Invalid before impaired: an emerging paradox of embedded validity indicators

Laszlo A Erdodi, Jonathan D Lichtenstein
Clinical Neuropsychologist 2017, 31 (6-7): 1029-1046

OBJECTIVE: Embedded validity indicators (EVIs) are cost-effective psychometric tools to identify non-credible response sets during neuropsychological testing. As research on EVIs expands, assessors are faced with an emerging contradiction: the range of credible impairment disappears between the 'normal' and 'invalid' range of performance. We labeled this phenomenon as the invalid-before-impaired paradox. This study was designed to explore the origin of this psychometric anomaly, subject it to empirical investigation, and generate potential solutions.

METHOD: Archival data were analyzed from a mixed clinical sample of 312 (MAge  = 45.2; MEducation  = 13.6) patients medically referred for neuropsychological assessment.
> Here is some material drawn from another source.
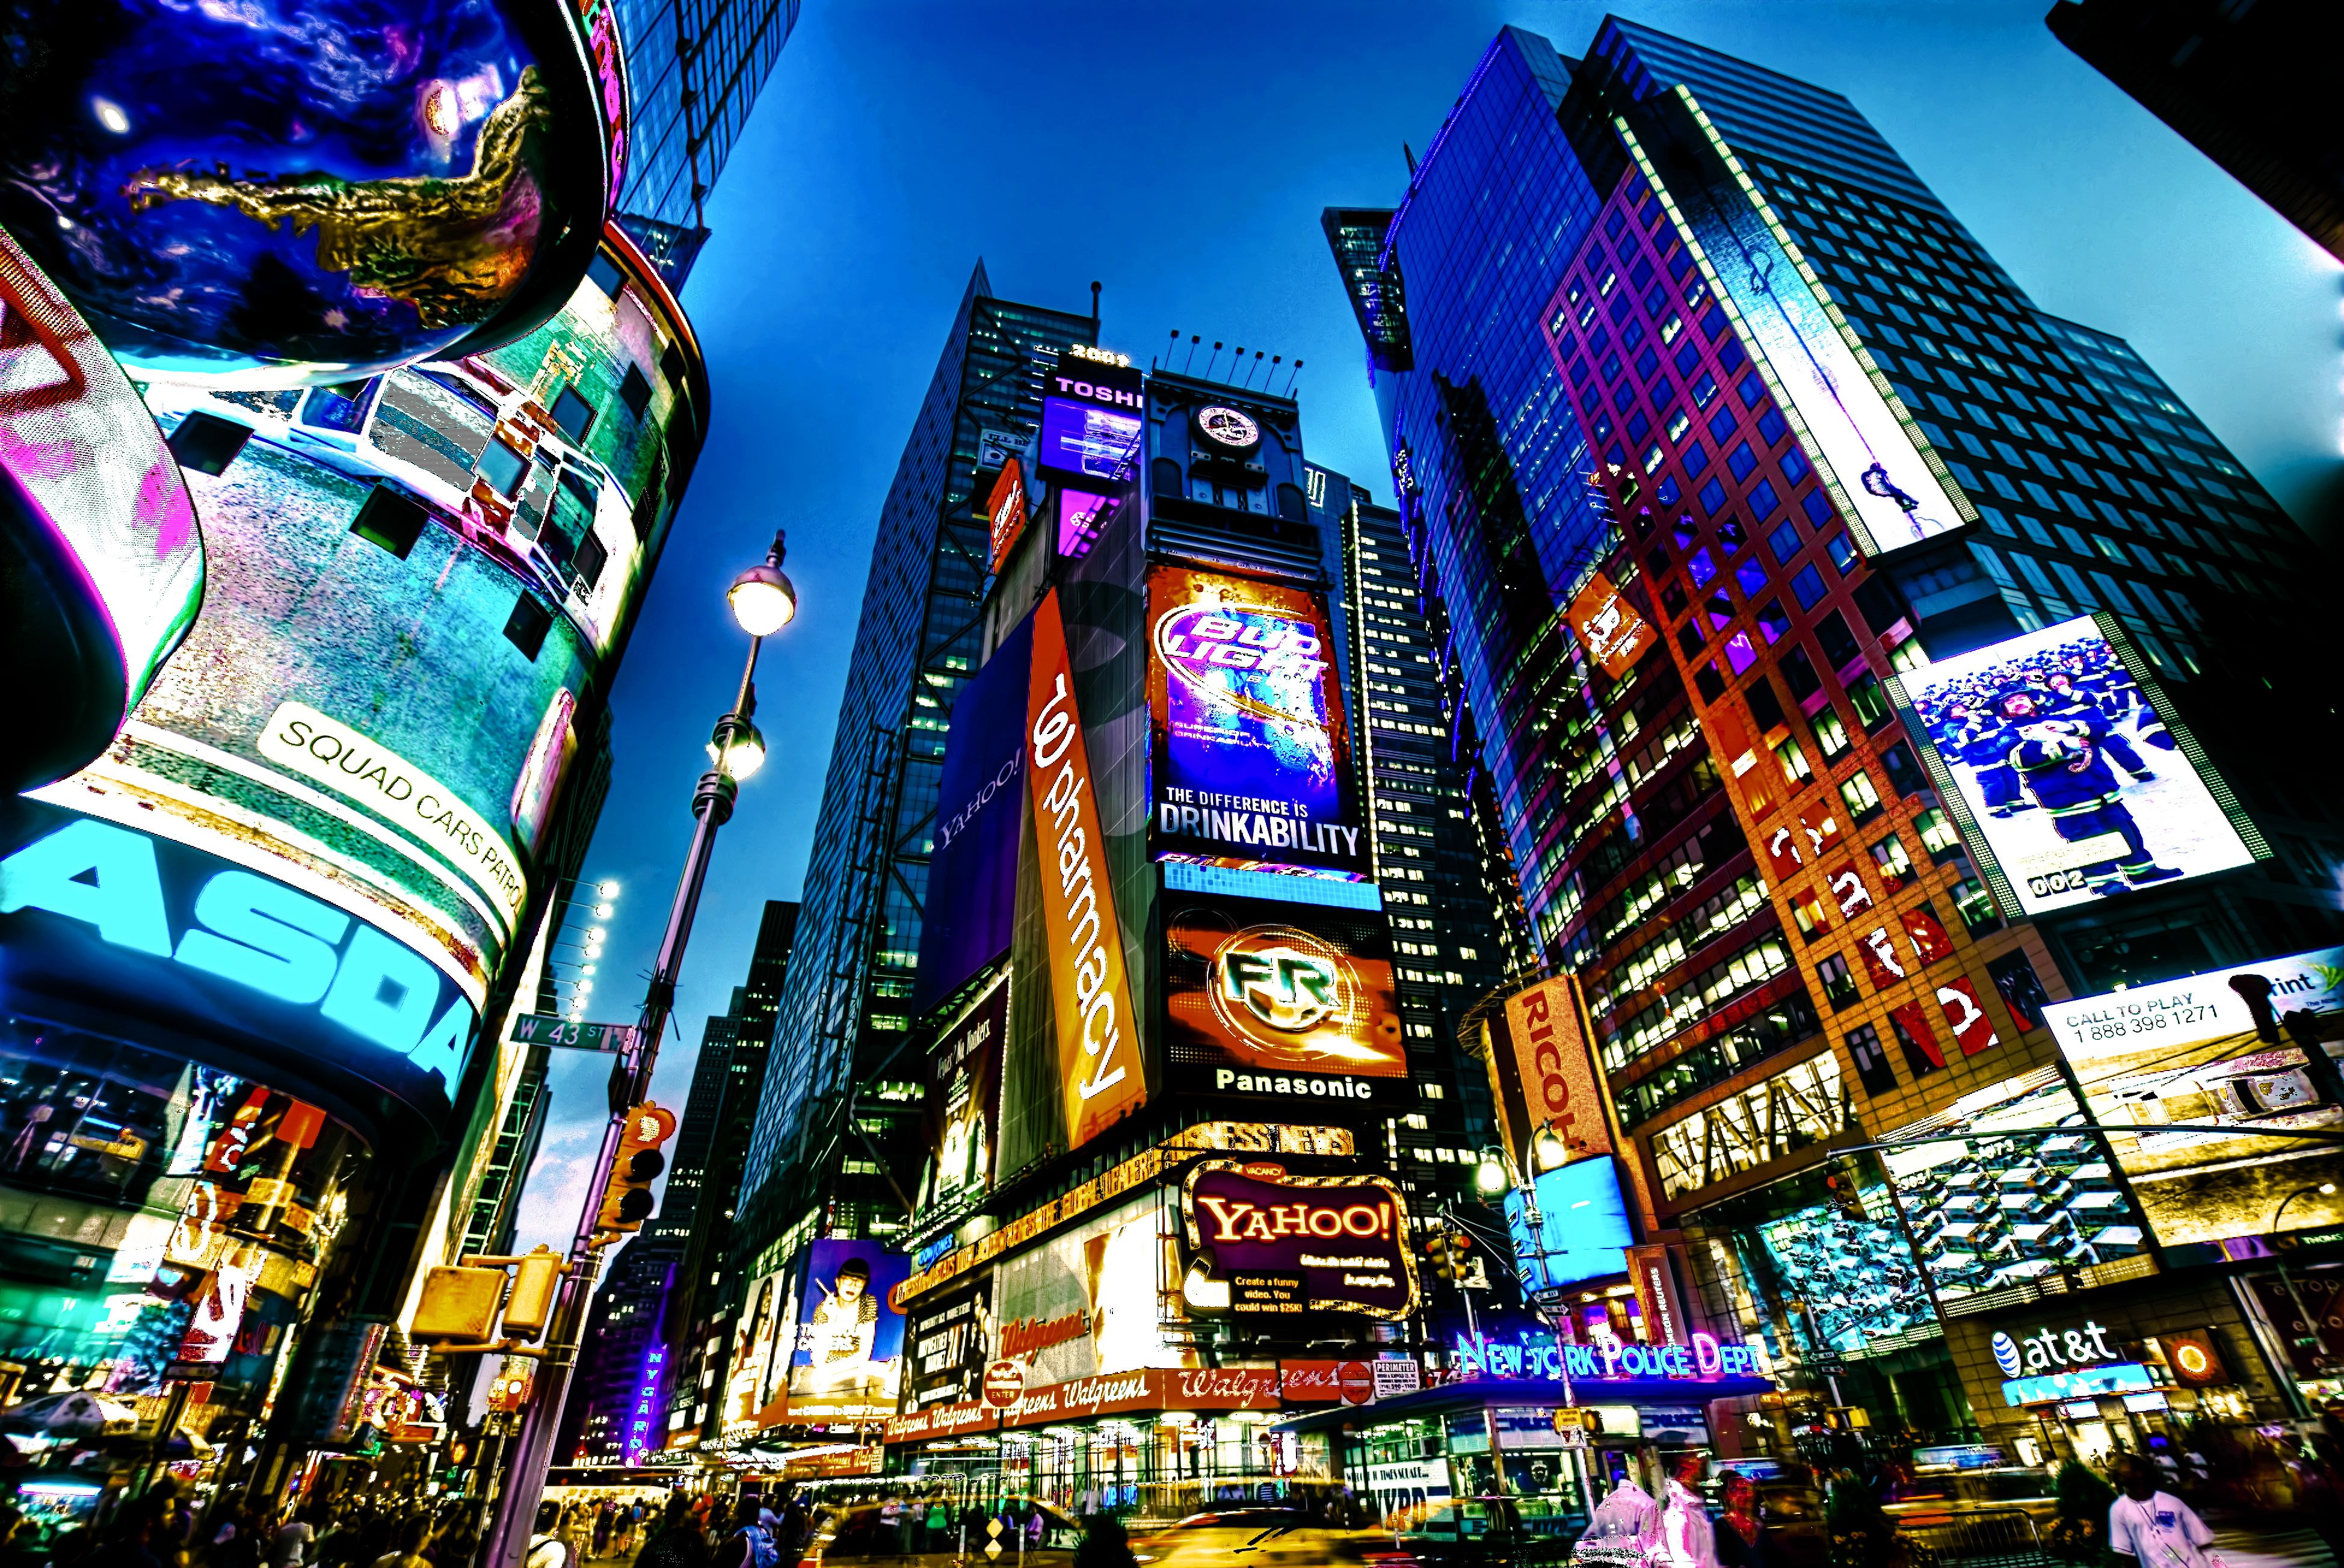 Times Square Wallpaper iPhone - wallpaper.

The distribution of scores on eight subtests of the third and fourth editions of Wechsler Adult Intelligence Scale (WAIS) were examined in relation to the standard normal curve and two performance validity tests (PVTs).

RESULTS: Although WAIS subtests varied in their sensitivity to non-credible responding, they were all significant predictors of performance validity. While subtests previously identified as EVIs (Digit Span, Coding, and Symbol Search) were comparably effective at differentiating credible and non-credible response sets, their classification accuracy was driven by their base rate of low scores, requiring different cutoffs to achieve comparable specificity.

CONCLUSIONS: Invalid performance had a global effect on WAIS scores. Genuine impairment and non-credible performance can co-exist, are often intertwined, and may be psychometrically indistinguishable. A compromise between the alpha and beta bias on PVTs based on a balanced, objective evaluation of the evidence that requires concessions from both sides is needed to maintain/restore the credibility of performance validity assessment.